Obviously, it was a very difficult decision for President Abdullah Gül to make. Despite the hopes of opposition parties and skeptics who suspect the Justice and Development Party, or AKP, of harboring a secret agenda to gradually Islamize the administration of secular Turkey and who see the military as "custodian" of the modern republic, and of course the secularism principle, the president did not veto in whole or part the controversial legislation that allows officers to be tried in civilian courts and signed it into law.
In approving into law, however, Gül called on the AKP, a party that escaped closure by the Constitutional Court last year but was convicted in a ten to one vote of being the focus of anti-secular activities and subjected to a hefty fine, to take swift legislative steps to allay the concerns of the strong Turkish military and clarify the scope of the new law. "In implementing these reforms, it would be beneficial for legal changes to be made to remove doubts likely to arise over discipline and legal guarantees from the perspective of military service," the president said in a written statement.
In Turkish, there is a saying, "this rice needs more water," which more or less underlines a conviction that the issue at hand is far from complete or that discussions are not over yet.
Initial reactions from the governing party were clear. From the most adamant including, Bülent Arınç, to the soft speaking and much admired Cemil Çiçek and AKP’s Parliamentary Group deputy chairman Bekir Bozdağ, most AKP spokesmen swiftly declared that they have taken note of the "reservations" the president attached to his decision to endorse the contentious legislation that passed through Parliament on June 26 in a midnight operation without debate. Opposition parties, obviously, underlined that if the president had some reservations about the bill, and if he indeed believed that there was need to take some further legal steps to allay opposition and army concerns, indeed he must send it back for a second review by Parliament.

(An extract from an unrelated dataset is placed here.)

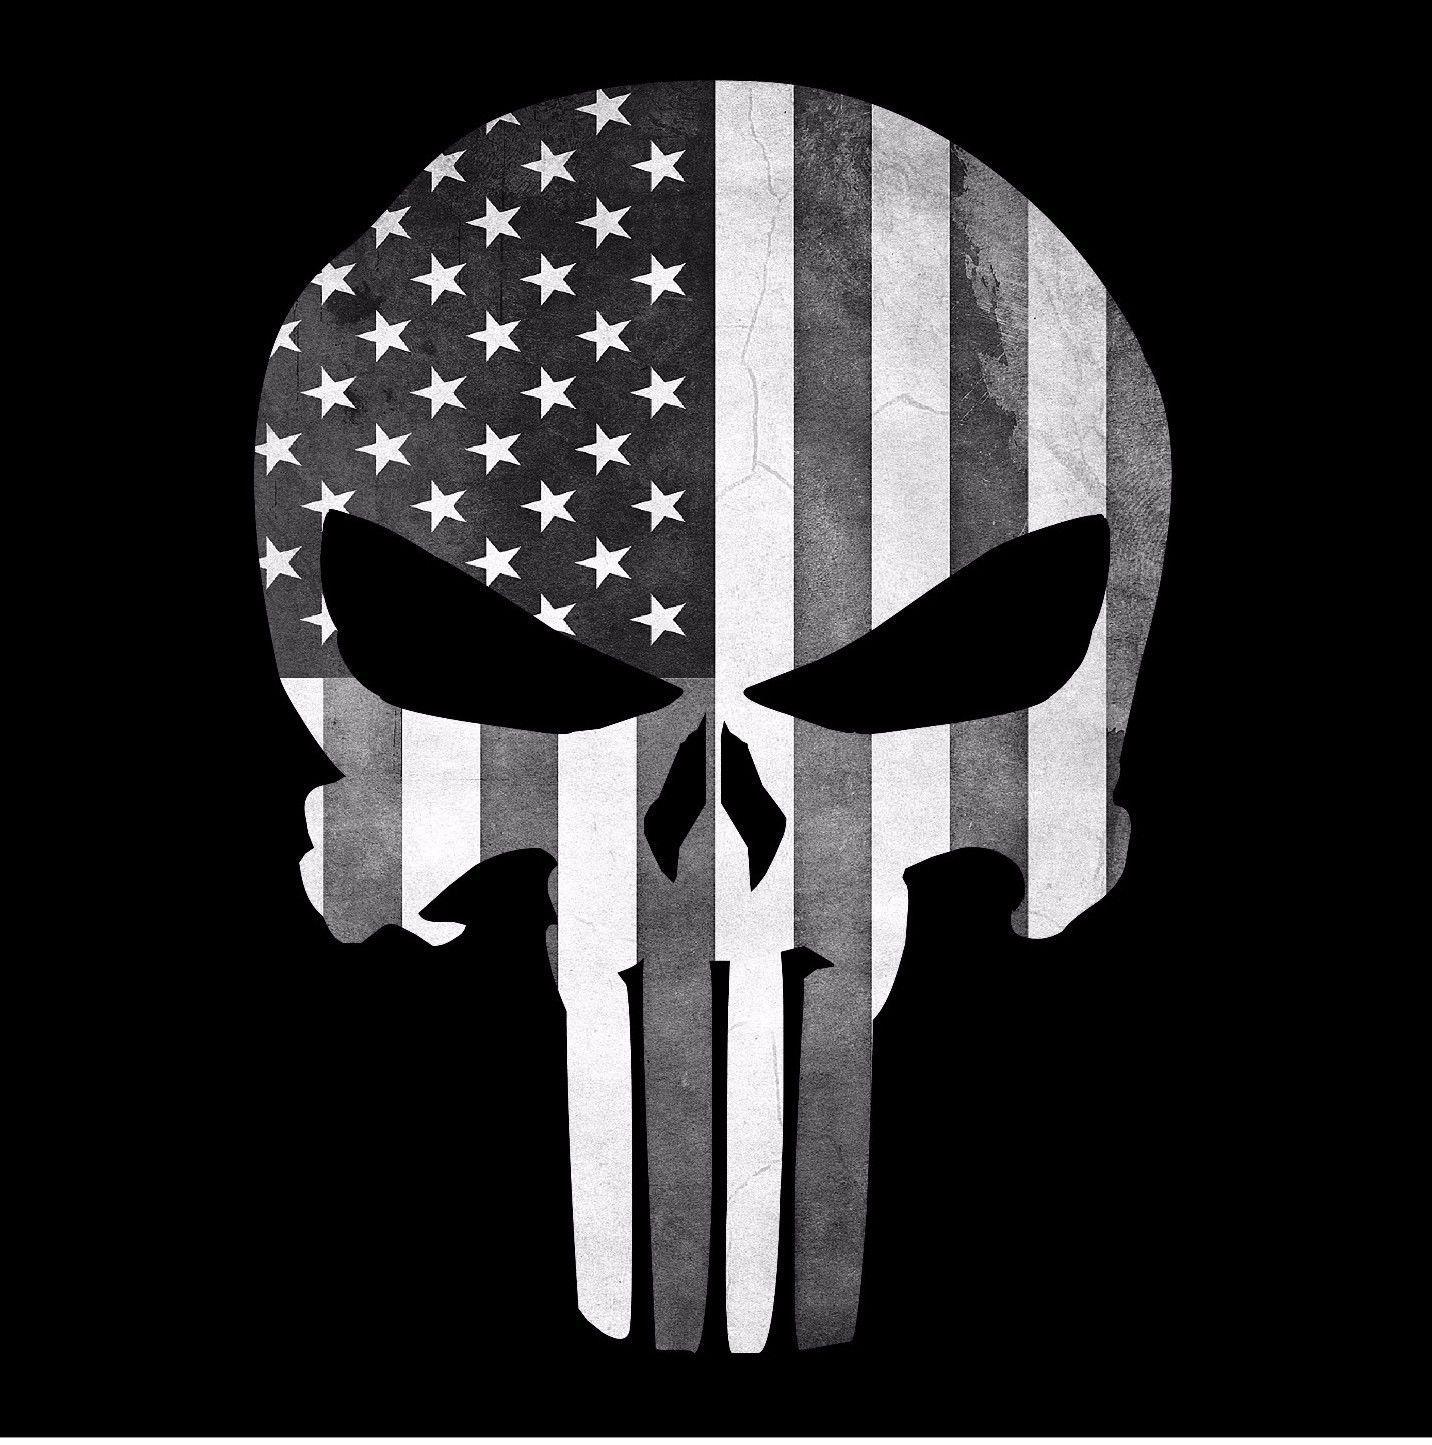 Black and White American Flag Logo - Punisher Skull American Flag (Black and White) Decal Sticker Graphic ...

Many critics and constitutional law professors, in addition to opposition parties, have been defending that the new law contravened constitutional Article 145 that defines the duties, responsibilities and the scope of the military courts, as well as the laws on the establishment, peace time and war time duties and scope of military tribunals. Indeed, the main opposition Republican People’s Party, or CHP, has already made clear that it will soon refer the issue to the Constitutional Court to call for its annulment on the grounds of constitutional incompatibility.
Constitutional incompatibility
Many legal experts and the AKP on the other hand have been defending that there is no constitutional incompatibility, and that even if an incompatibility exists, the reform undertaken is in line with European Court of Human Rights verdicts and the reform pledges Turkey has made to the EU to promote its EU accession bid, under the principle of supremacy of international law and international court verdicts to domestic legislation such constitutional incompatibility would be invalidated. Now, everyone will have to wait, first for the CHP to apply to the High Court and then for the court to decide on the issue, while in August the AKP is expected to start considering what further steps could be taken to allay the army’s concerns. But, will the AKP heed the advice of Gül and undertake such a course? Gül made a similar appeal while endorsing the constitutional reform package legislated in the hopes of allowing the headscarf to be worn in universities, the AKP however did not act on the issue and the headscarf amendments became cited as evidence of the AKP’s anti-secular designs in the closure case.
Indeed, even the opposition parties do not object to the new law allowing civilian courts to try military personnel in times of peace for attempts to topple the government and offences related to national security and organized crime, while it also transfers to civilian courts the power to try civilians in peacetime for offences outlined in the military penal code. However, the reform was made with such haste in an ambush-like tactic that besides constitutional incompatibility and a potential confusion of jurisdiction of civilian and military tribunals, with the new law, top generals of the country were left without any judicial shield.